What with our Chile vacation, log cabin Christmas and then my unexpected trip to Scotland for the funeral of my old friend Davy, I haven’t had a great deal of time in the bookstore over the last couple of months.

But now I’m back in harness it’s like slipping on a well worn pair of favorite slippers. The routine we’ve established over the last seven years (I know it’s that long because our local newspaper had us on a special tribute page to much loved and established downtown businesses last week) covers, of course, much more than just selling books. There’s keeping the place clean, looking after the cats and dogs, liaising with Kelley and ‘The Second Story Cafe’, sorting the daily influx of traded books and writing weekly guest blog posts like this one.

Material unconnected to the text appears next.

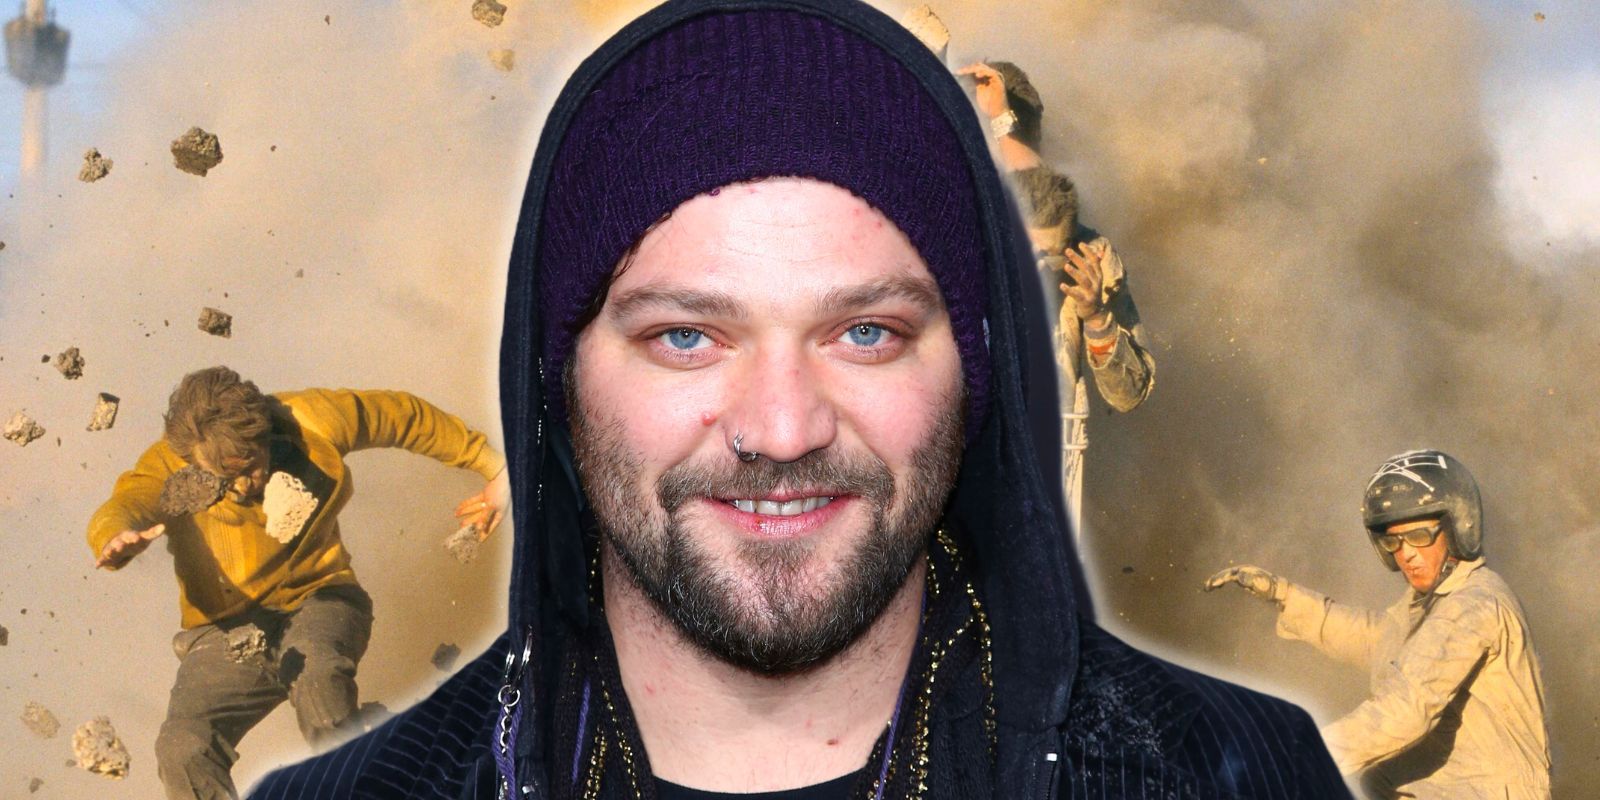 Bam Margera in front of a sandy explosion

On top of that I need to keep up with my weekly radio show ‘Celtic Clanjamphry’, and contribute to the various Facebook accounts that relate in one way or another to us or Tales of the Lonesome Pine.

I remember some years ago, when I was still working in a community college in Scotland, meeting a recently retired colleague in the street and asking how he was enjoying his retirement. “Jack” he said “it was made for a younger man than me!” Although I can sympathize with his sentiment, I wouldn’t want anyone reading this to think I regret anything about my current workload. In fact I positively relish it and I feel sorry for folk who spend their retirement either pining for their former job or wandering aimlessly.

There’s an old Scots saying – East, West, hame’s best. I think for me it should be – North, South, East, West, the little bookstore hame’s best!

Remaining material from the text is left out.